- _Exercise aim_:
An exact copy of all the data, minus the images, is required.

- _Given material_:

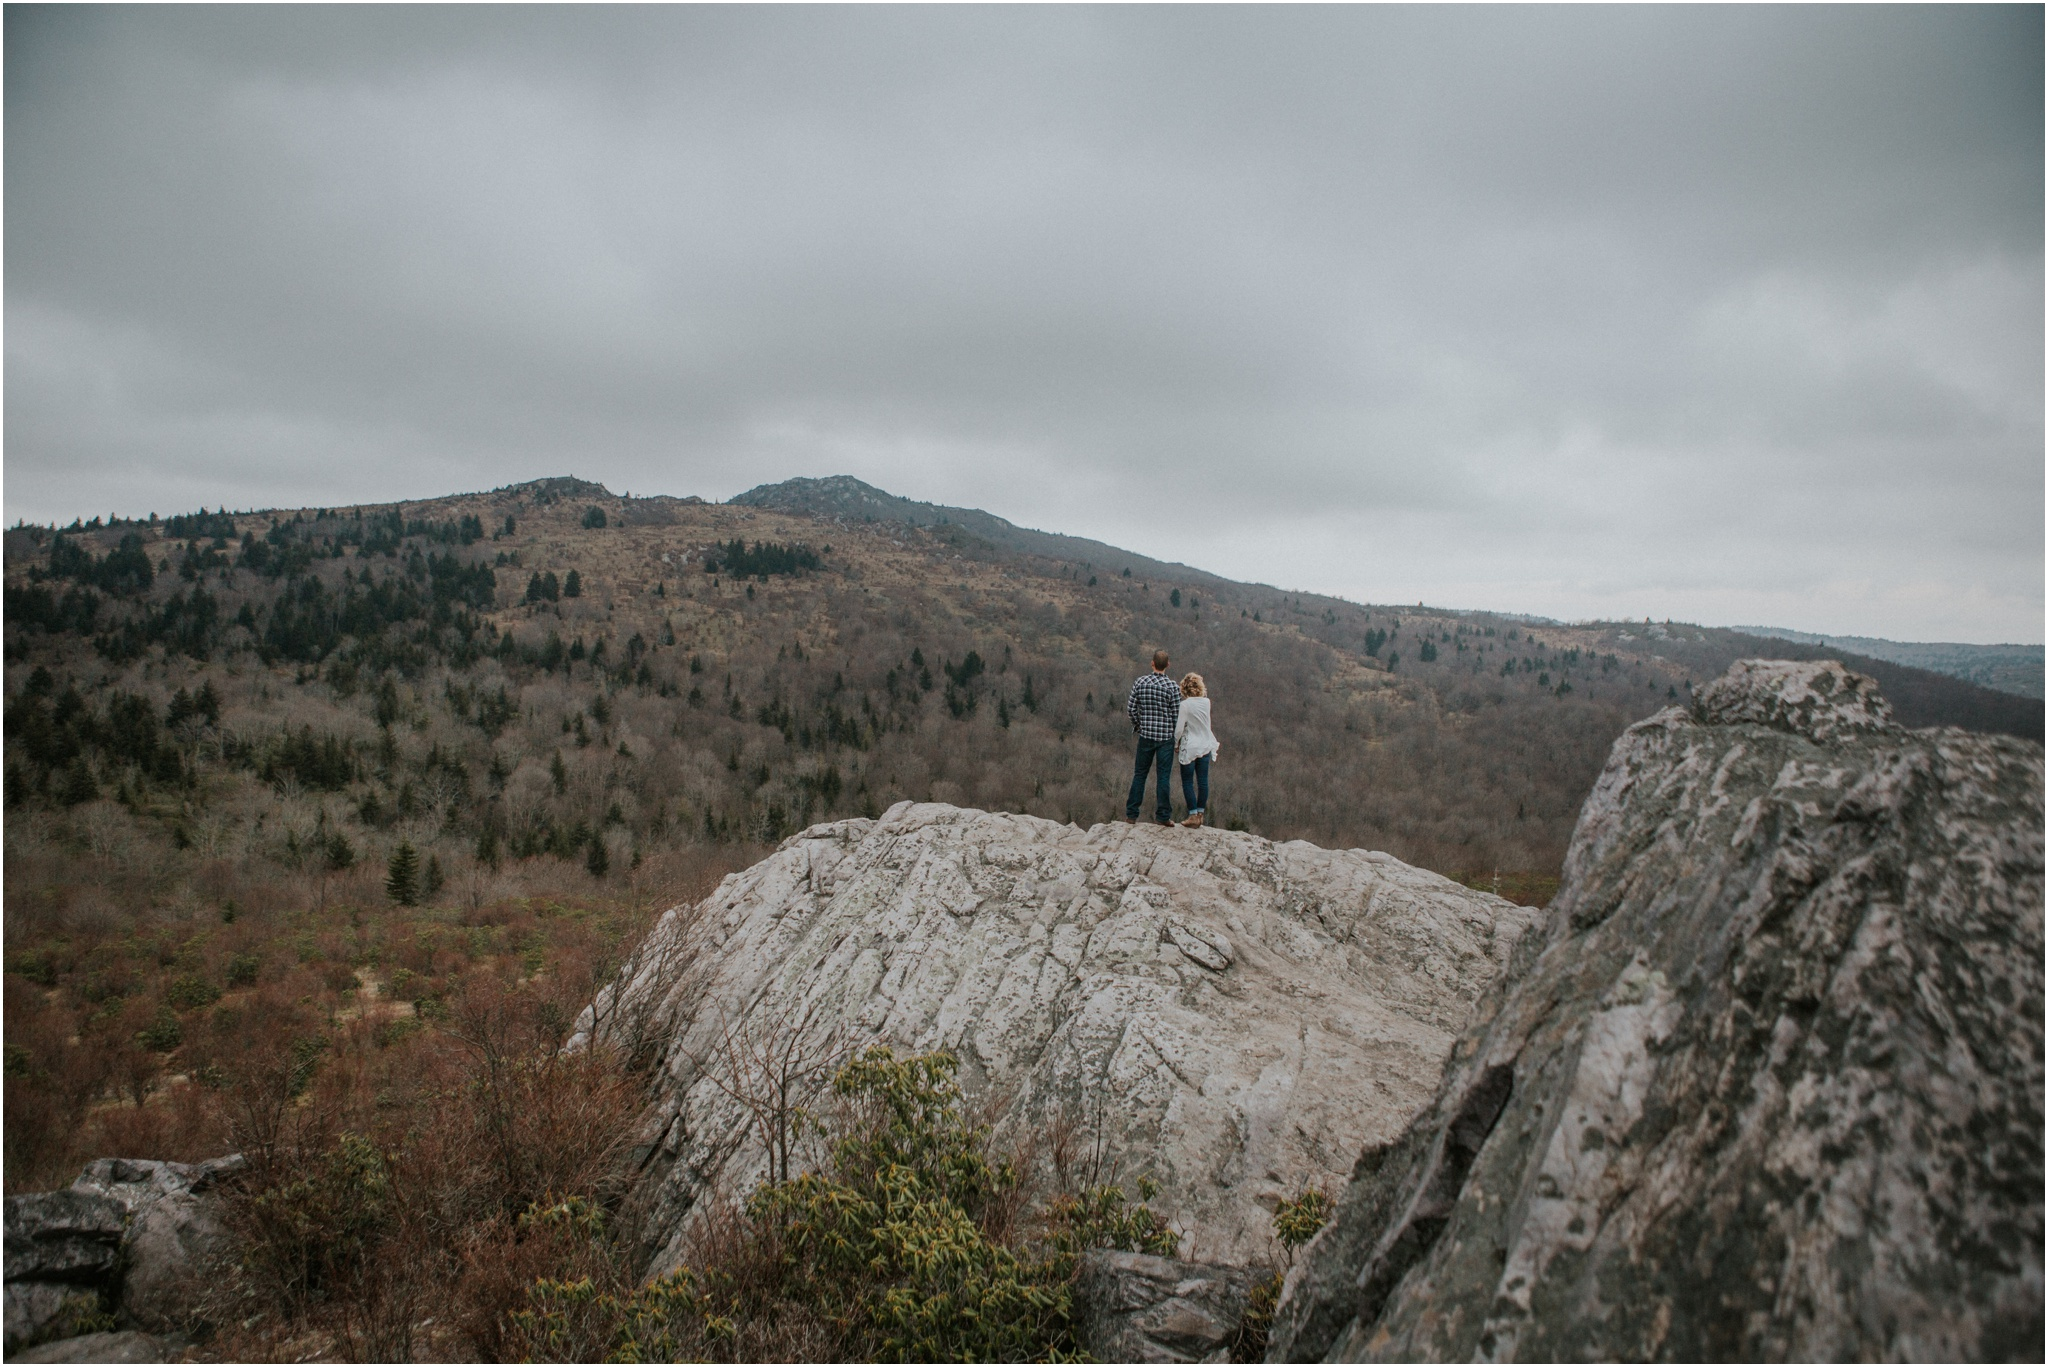 grayson-highlands-engagement-session-foggy-mountain-rustic-appalachian-virginia-katy-sergent-photography_0028.jpg
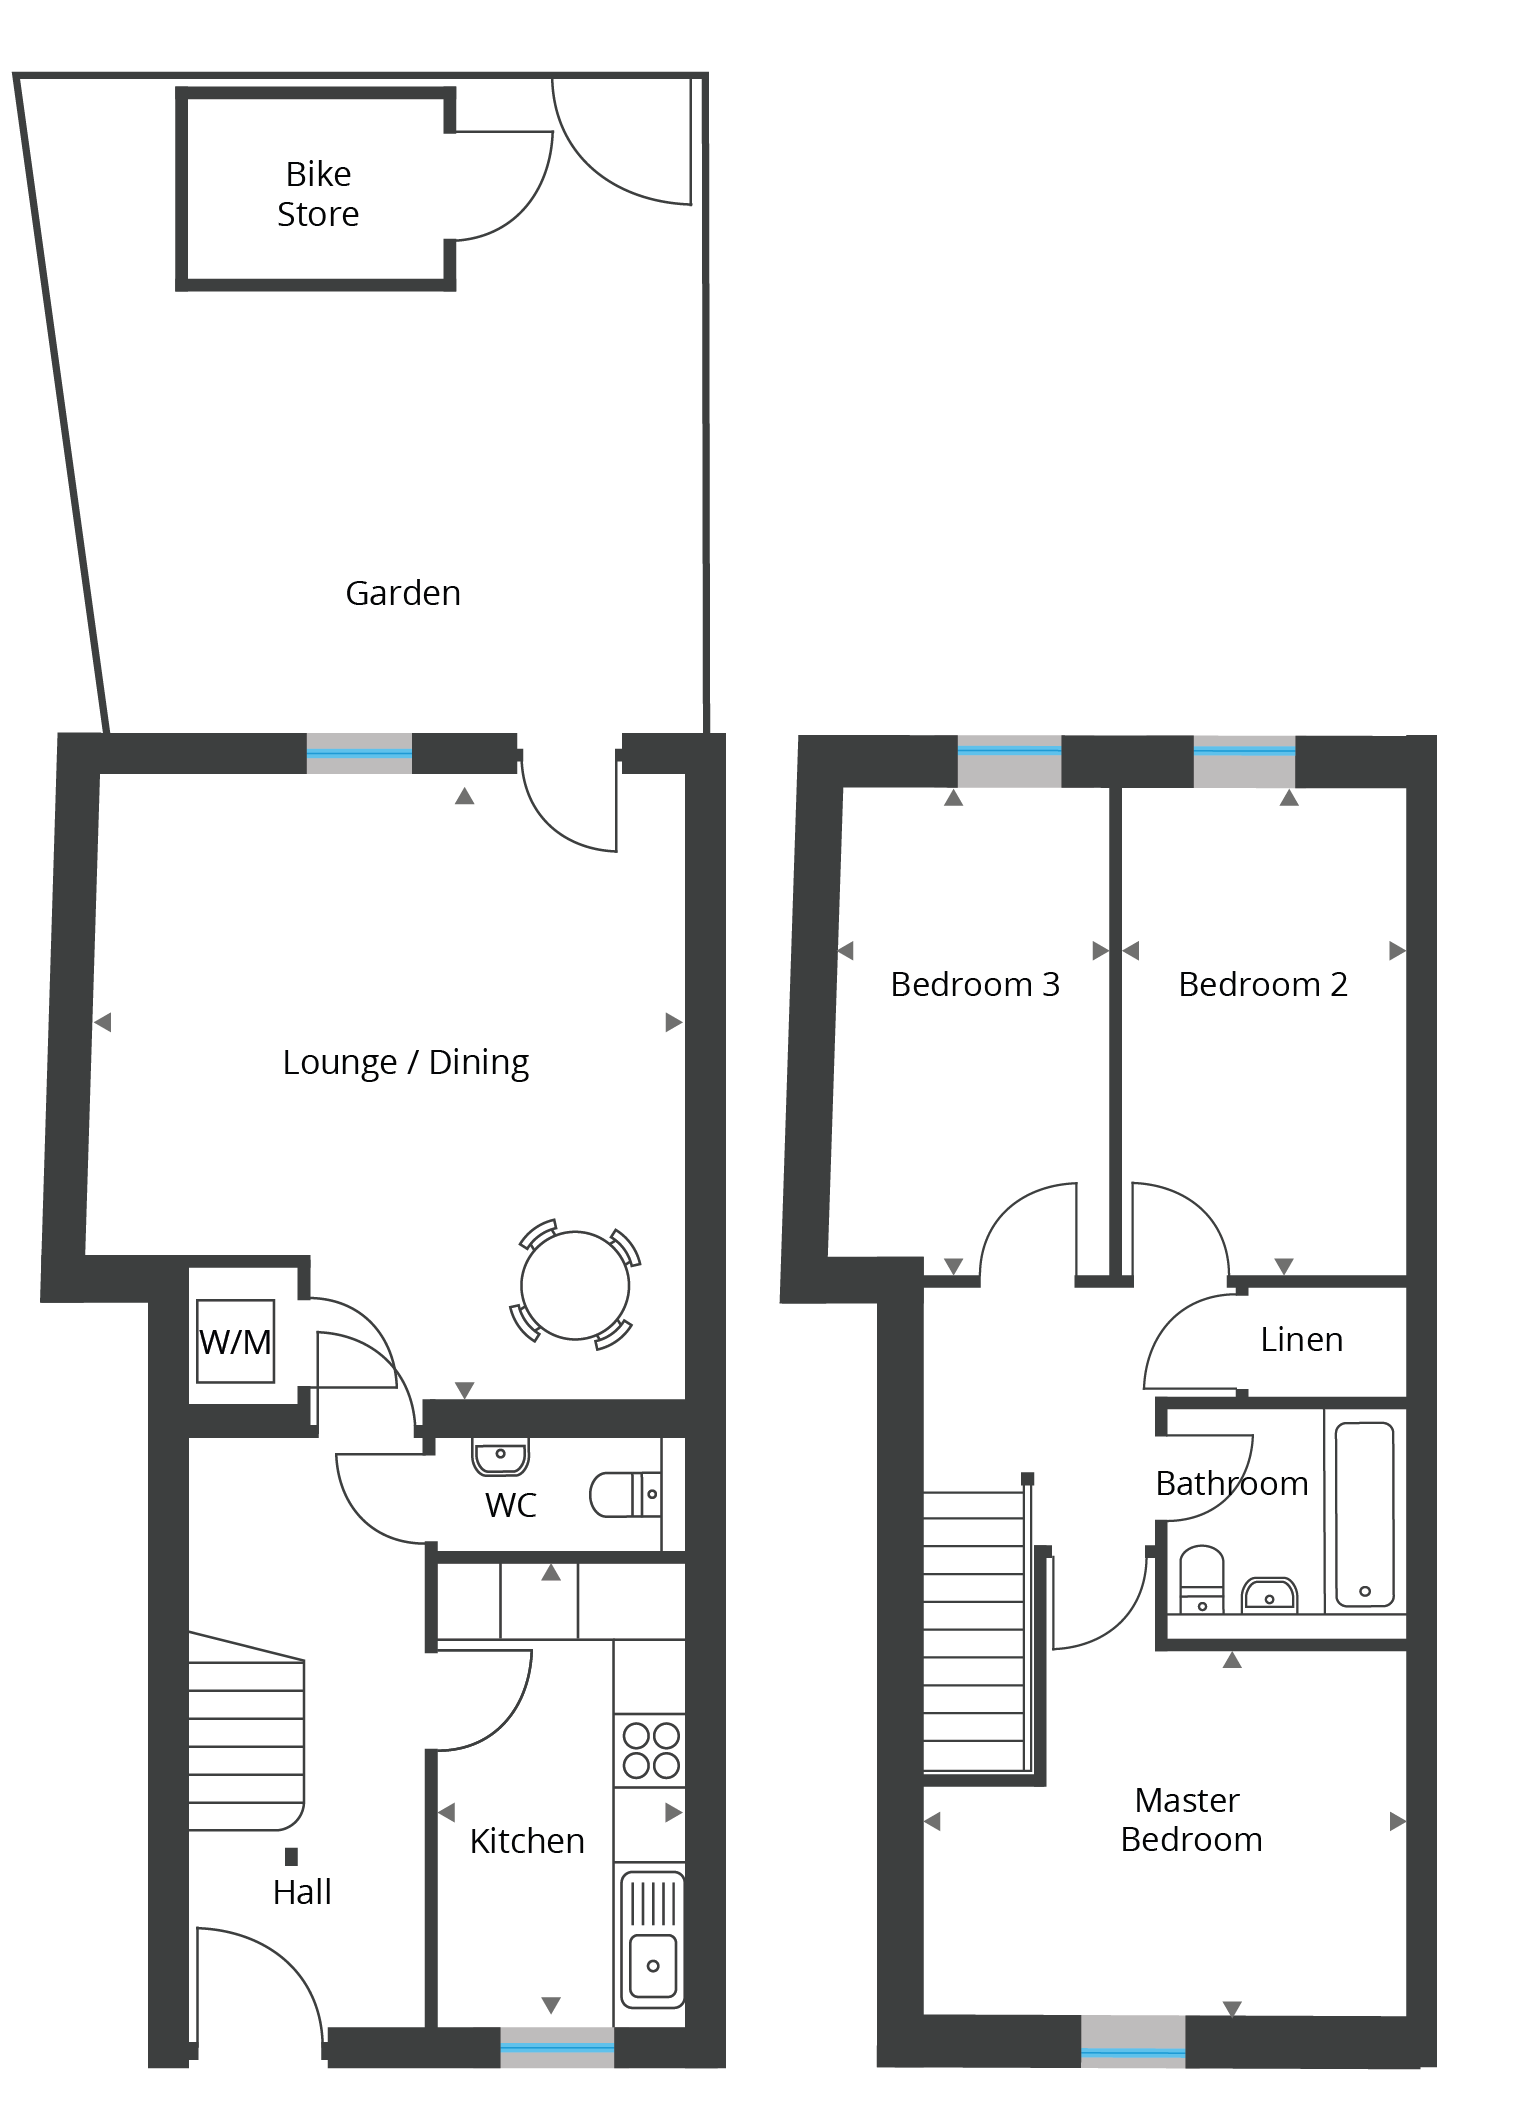 Floorplan for Unit 11
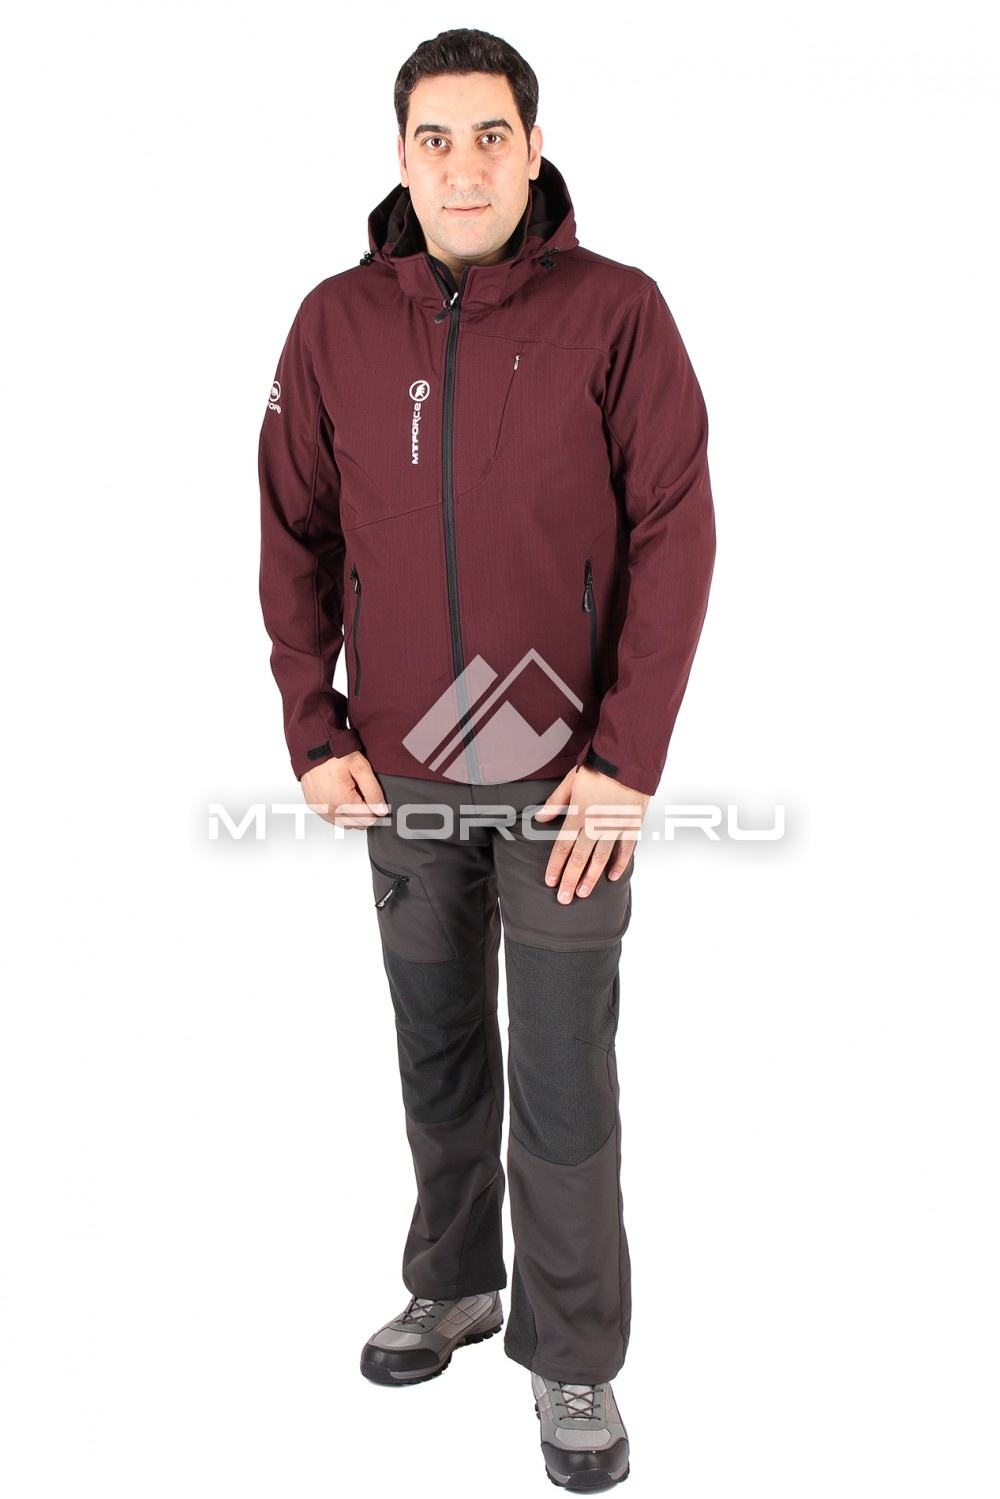 Купить                                  оптом Костюм виндстопер мужской бордового цвета 1504Bo

- _Output of the task_:
 grayson-highlands-engagement-session-foggy-mountain-rustic-appalachian-virginia-katy-sergent-photography_0028.jpg
 Floorplan for Unit 11
 Купить                                  оптом Костюм виндстопер мужской бордового цвета 1504Bo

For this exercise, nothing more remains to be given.